*** COLLECTED MATERIAL ***

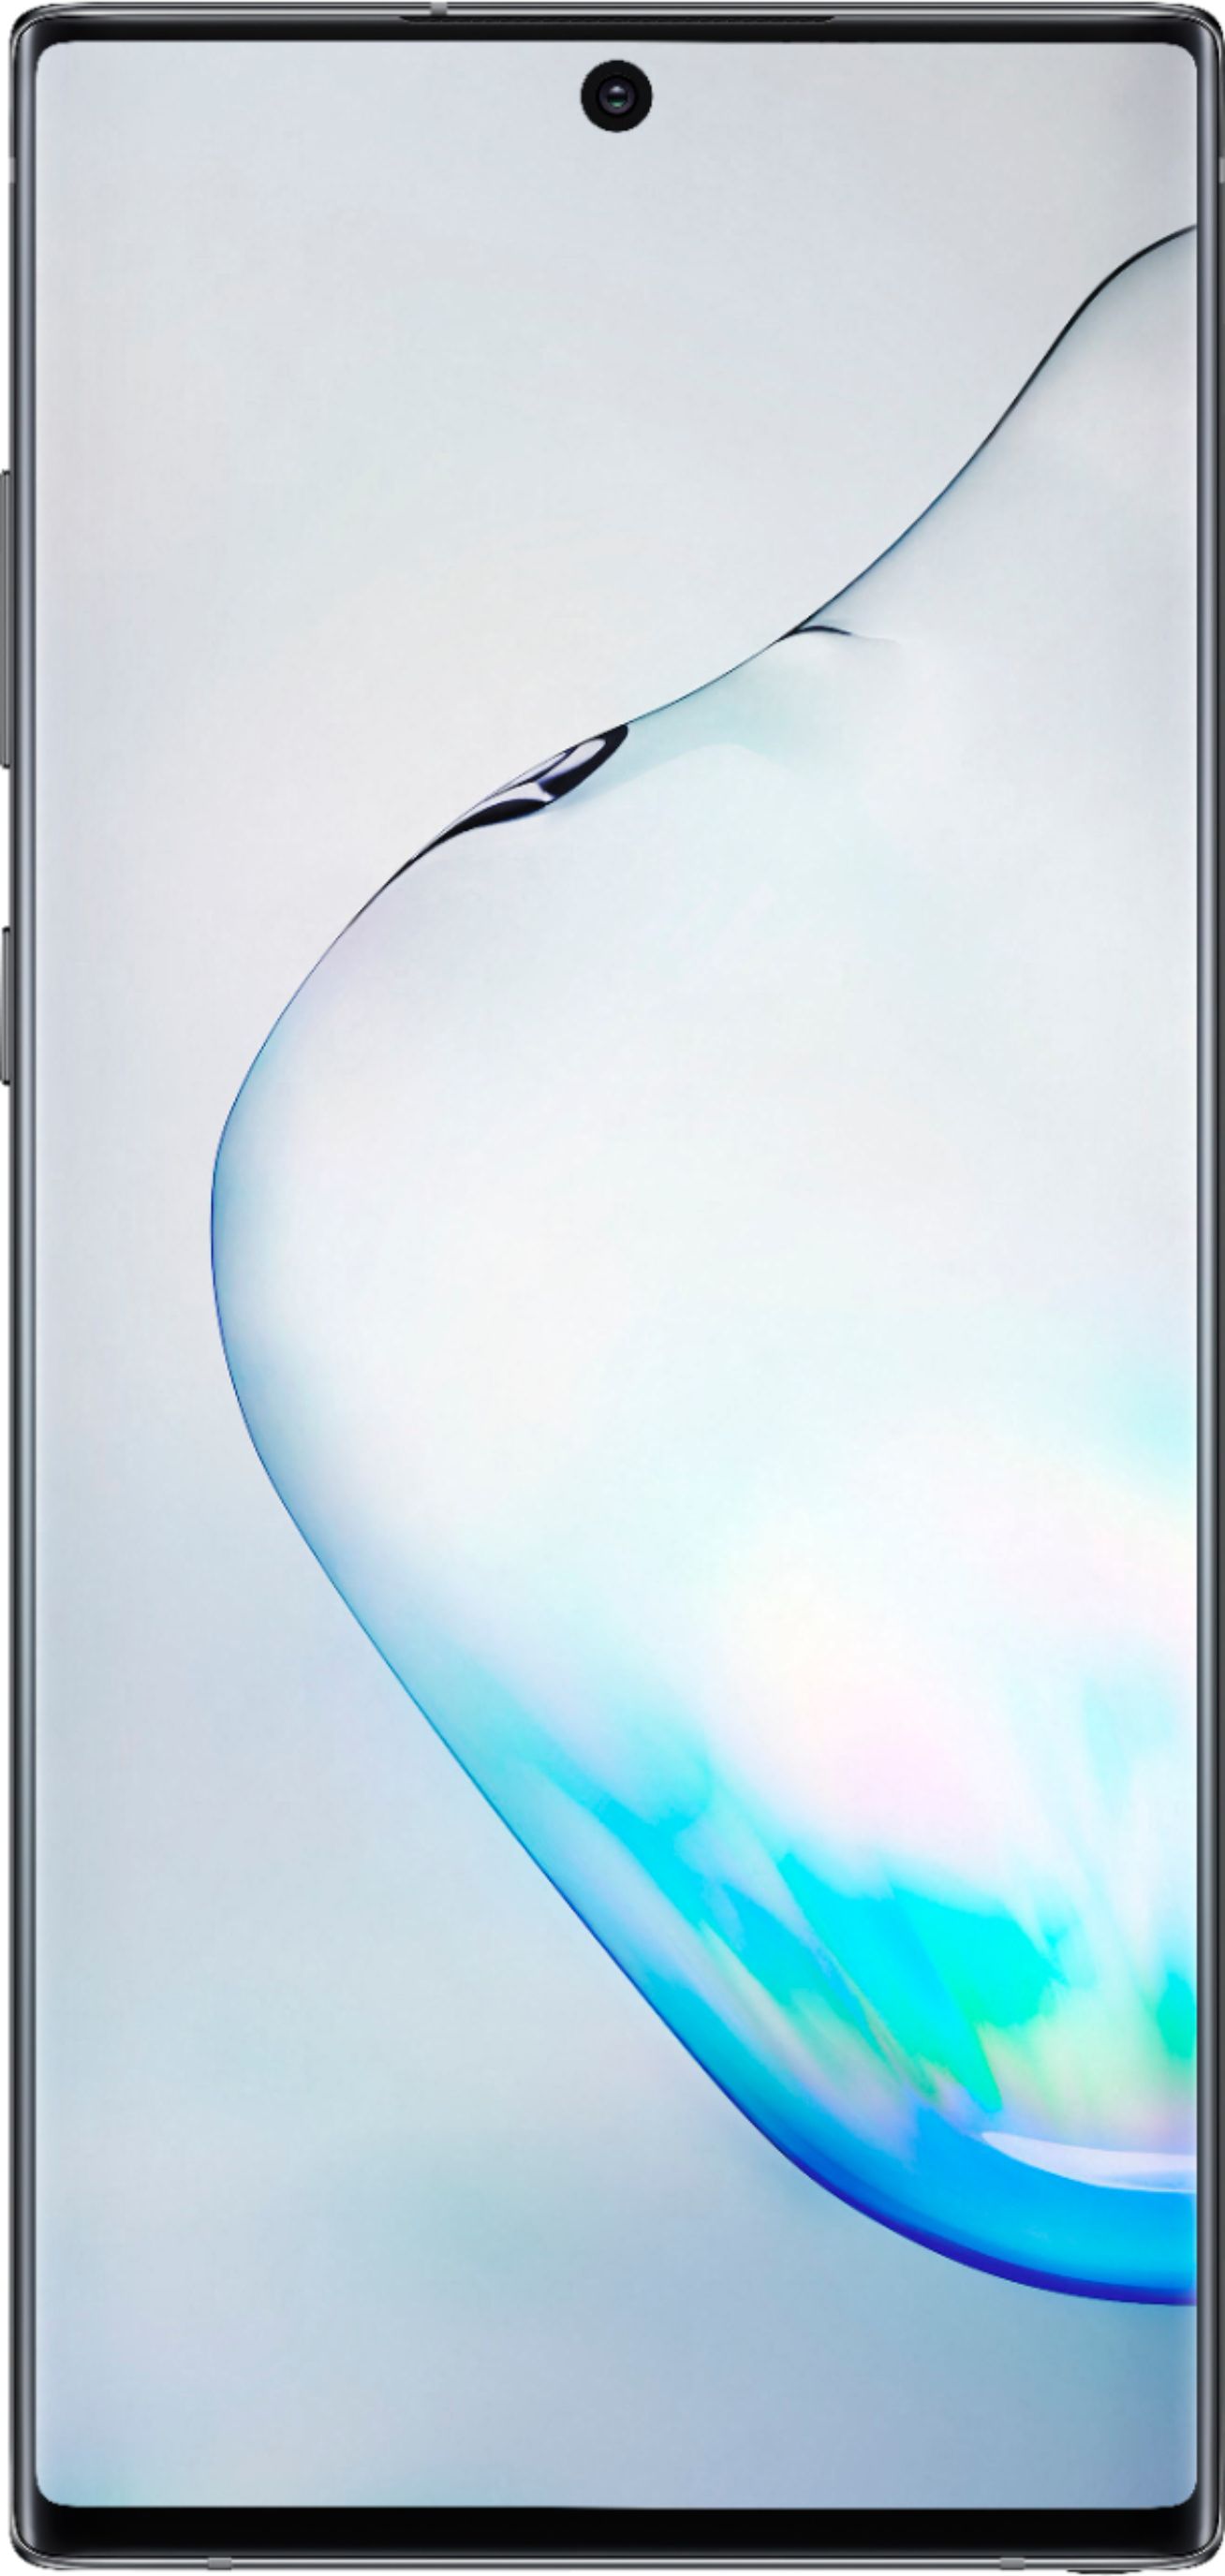 Samsung Galaxy Note 10, 256GB, Aura Black - Fully Unlocked (Renewed)
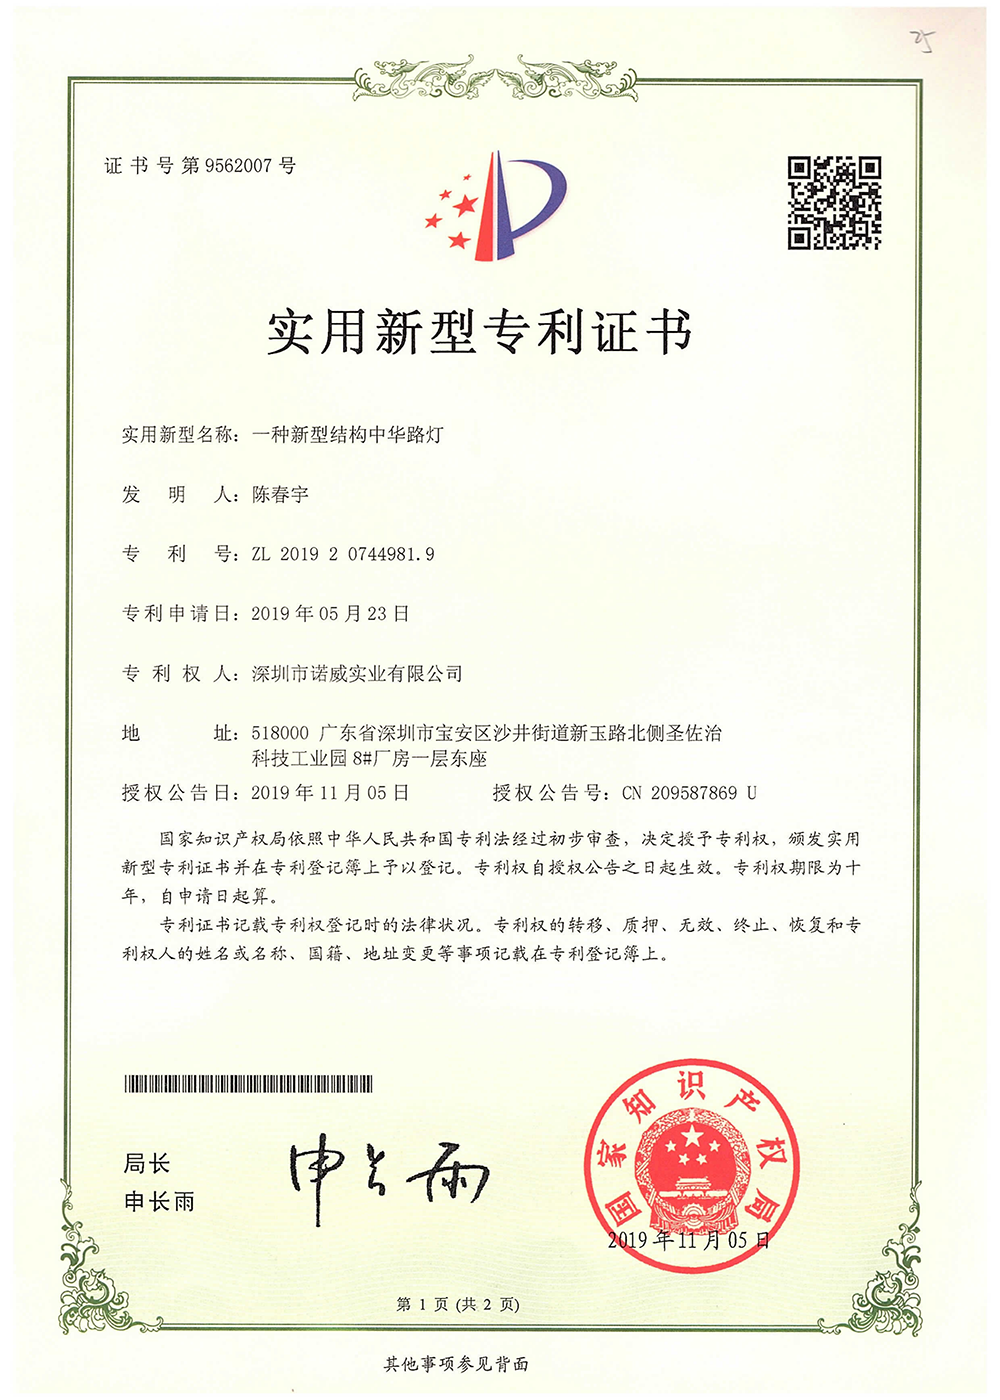 New China Light Patent
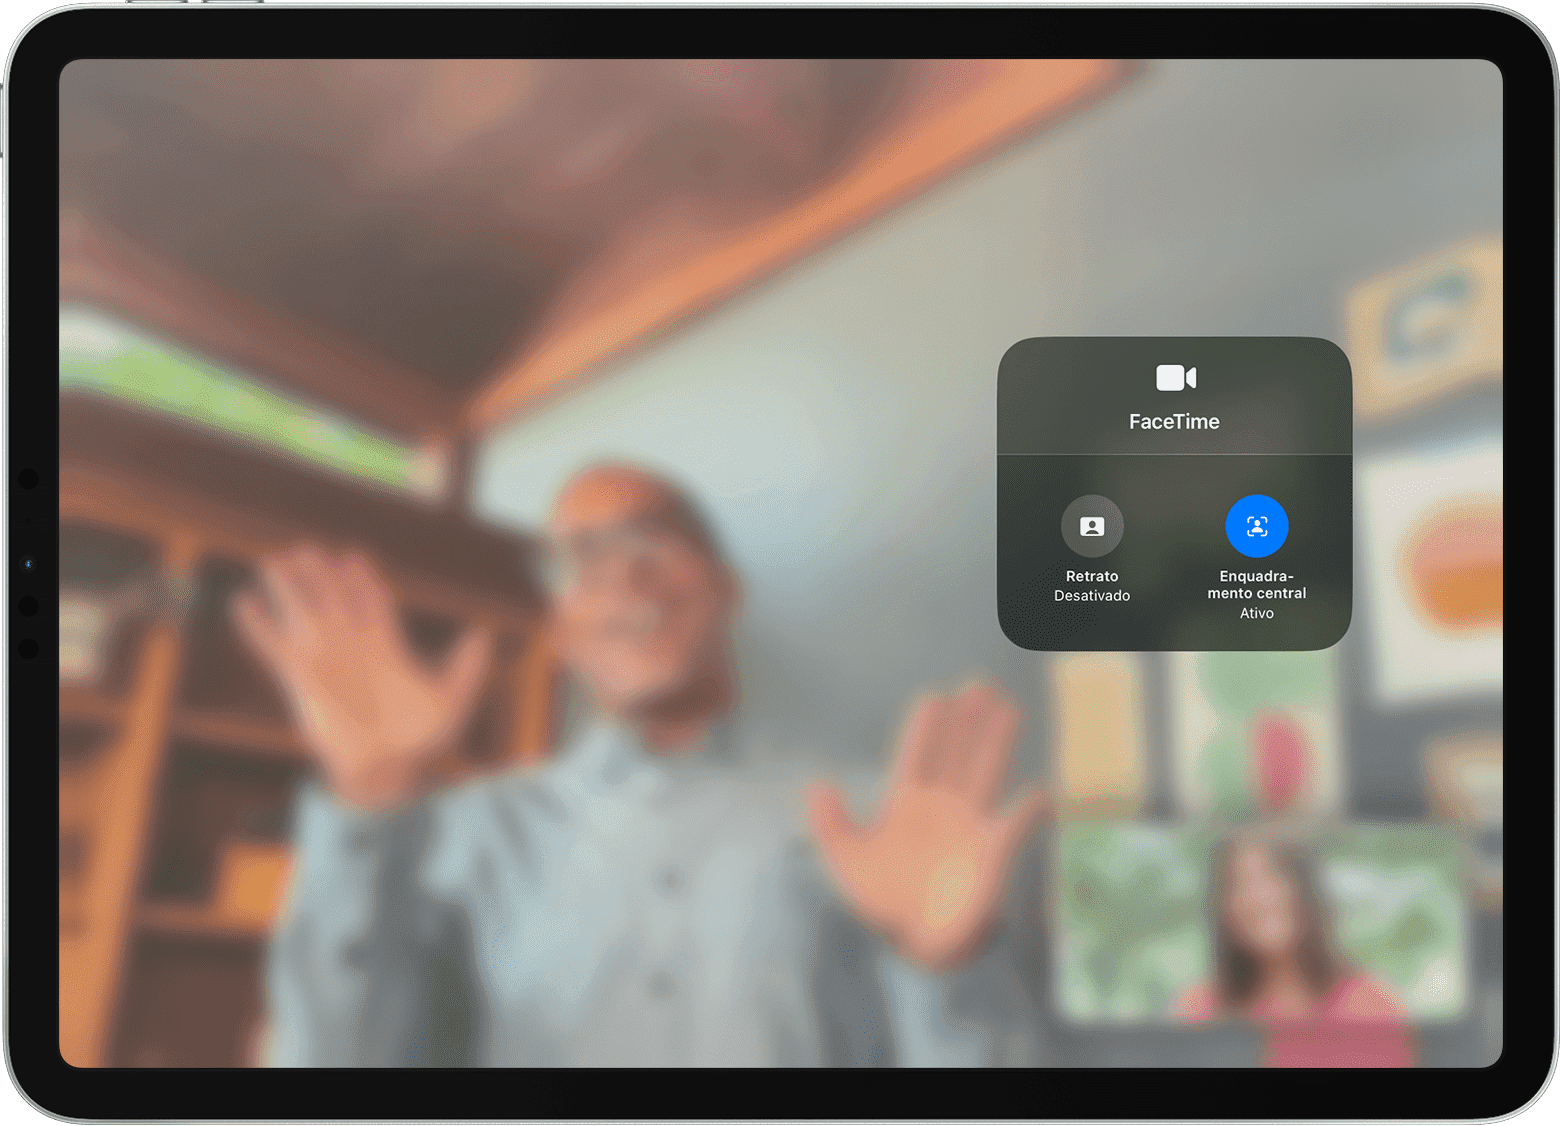 Ecrã do iPad a mostrar uma chamada FaceTime com as opções de Efeitos visíveis

***

Leave the pictures out, and print every line of the listing exactly as written.

• **TASK SOLUTION**:
 Samsung Galaxy Note 10, 256GB, Aura Black - Fully Unlocked (Renewed)
 New China Light Patent
 Ecrã do iPad a mostrar uma chamada FaceTime com as opções de Efeitos visíveis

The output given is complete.